_Problem to work on_: Write every line below out again exactly, images omitted.

-- Data segment follows --

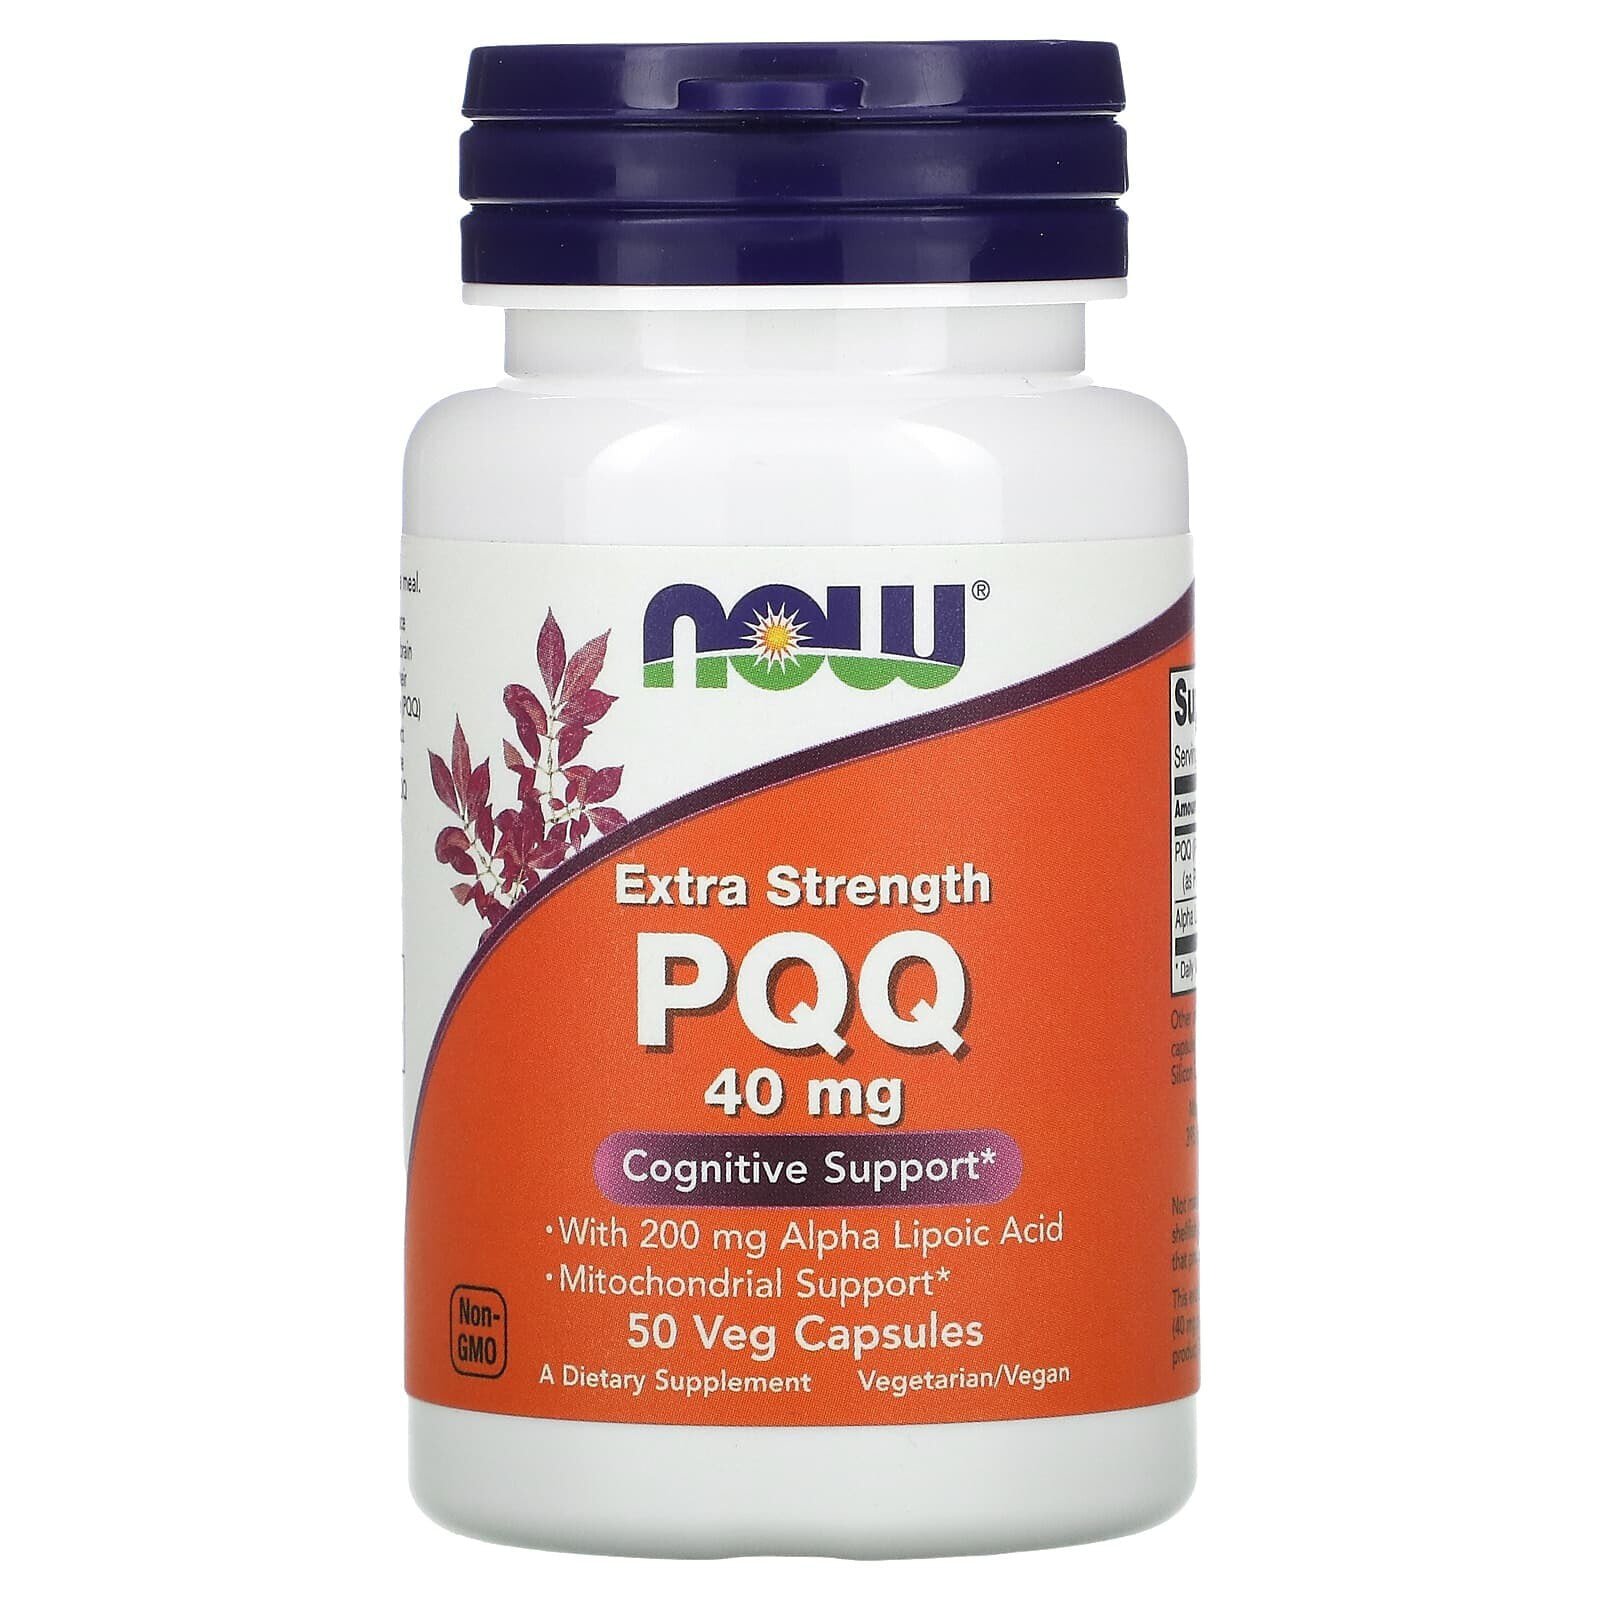 Extra Strength PQQ, 40 mg, 50 Veg Capsules
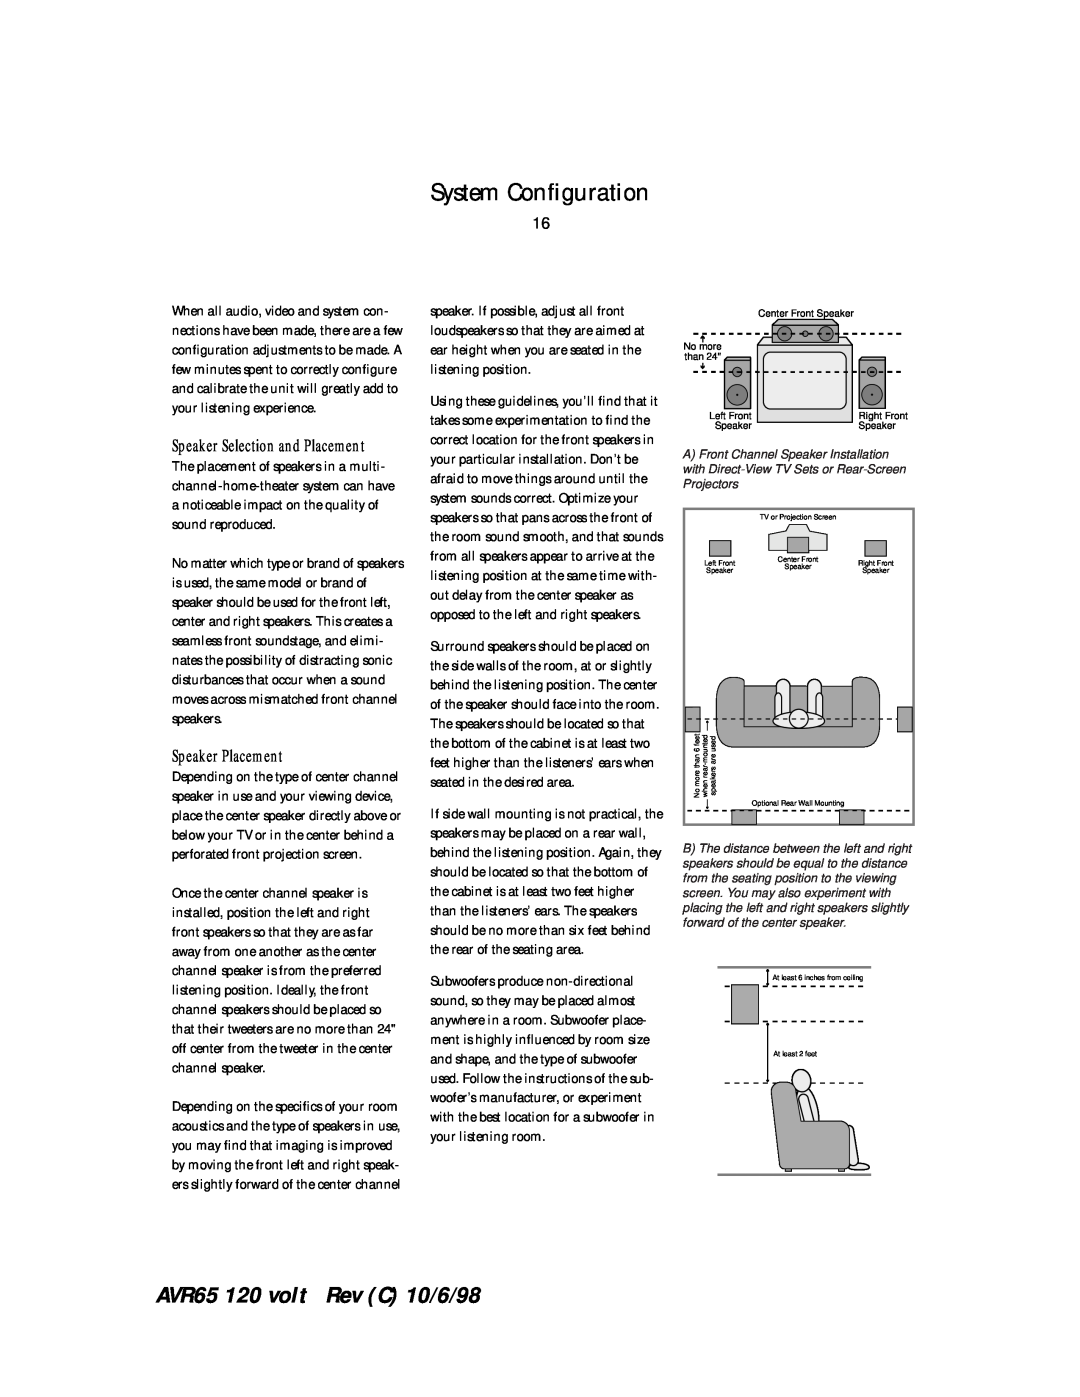 Harman-Kardon manual System Configuration, Speaker Placement, AVR65 120 volt Rev C 10/6/98 
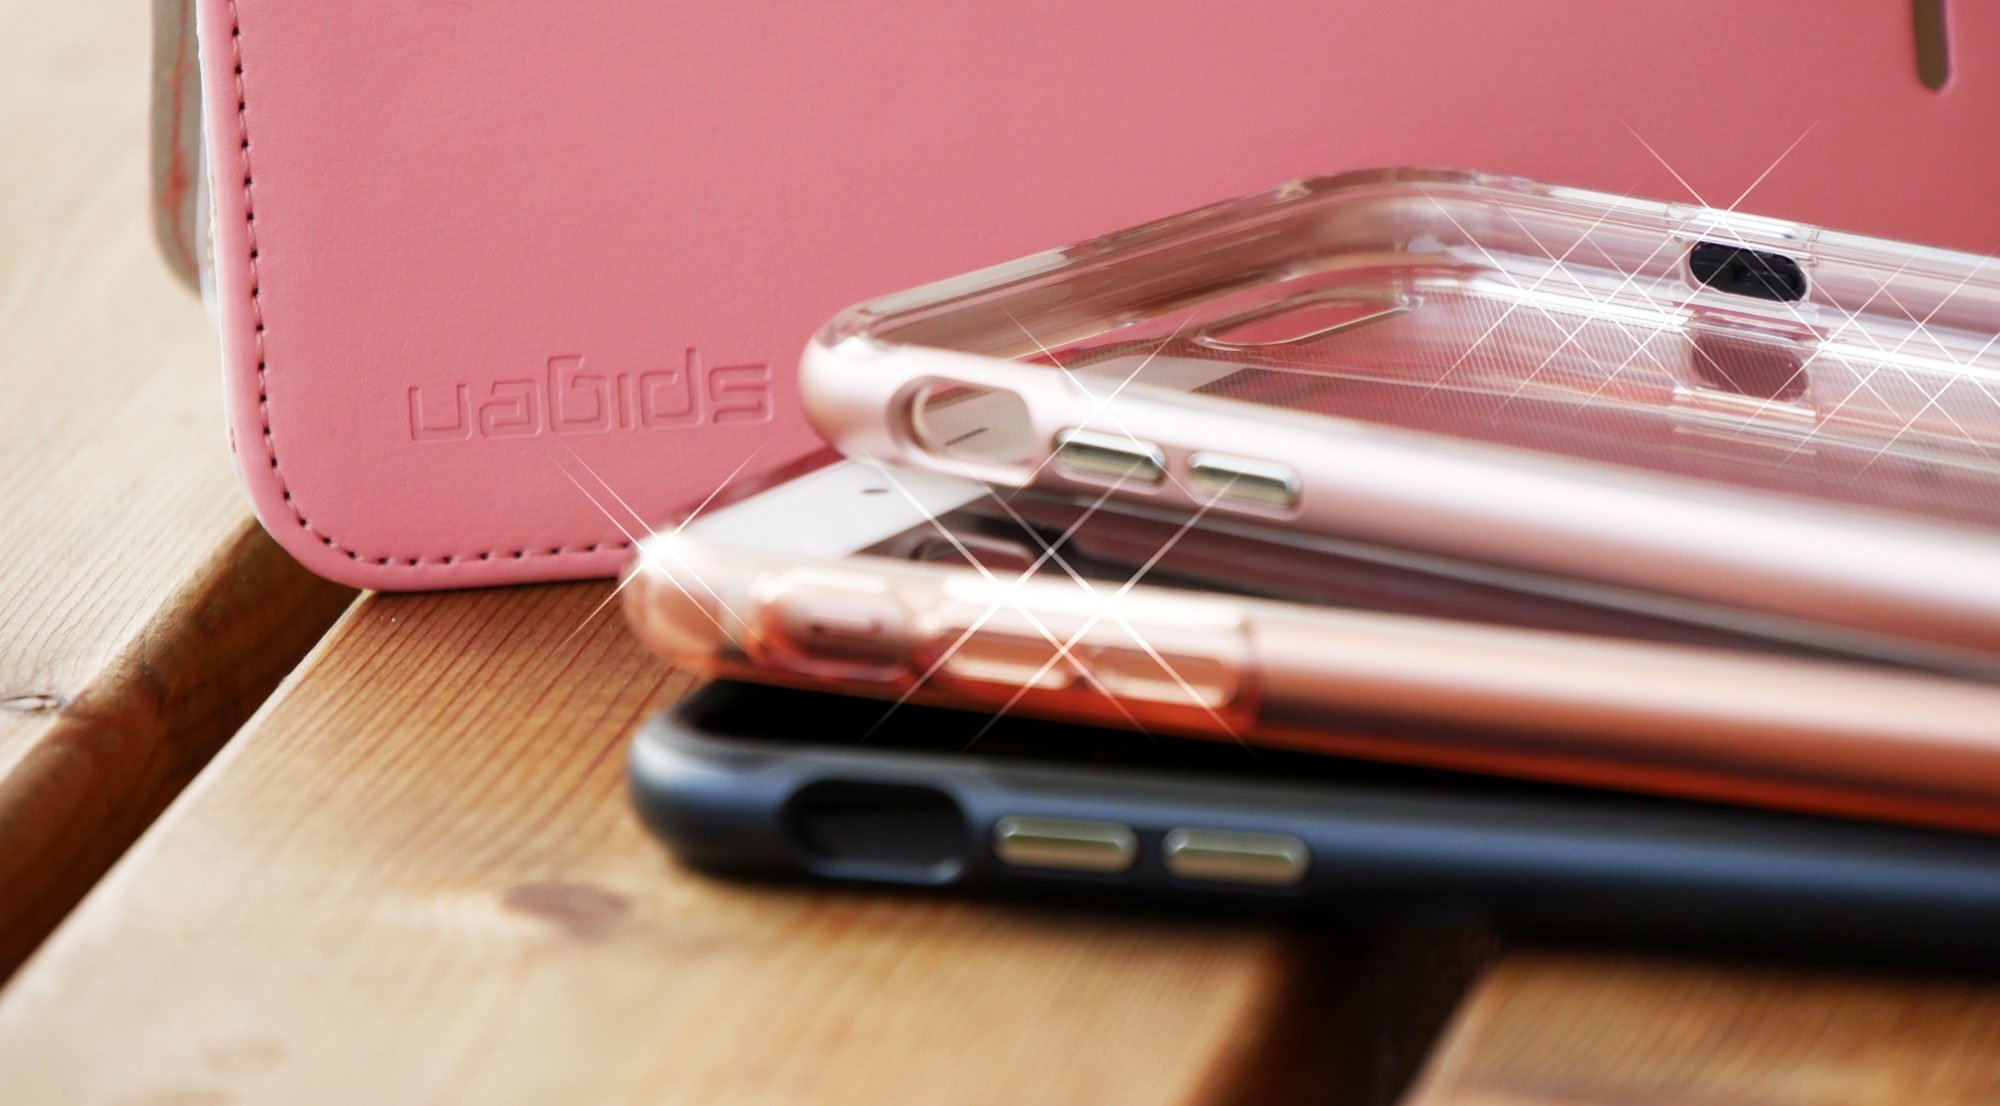 iPhone 6s Hüllen-Test: die besten Cases & Schutzhüllen fürs iPhone 6s & iPhone 6s Plus 13

-- Data segment concluded --

_Result of the task_:
 Extra Strength PQQ, 40 mg, 50 Veg Capsules
 Harman-Kardon manual System Configuration, Speaker Placement, AVR65 120 volt Rev C 10/6/98 
 iPhone 6s Hüllen-Test: die besten Cases & Schutzhüllen fürs iPhone 6s & iPhone 6s Plus 13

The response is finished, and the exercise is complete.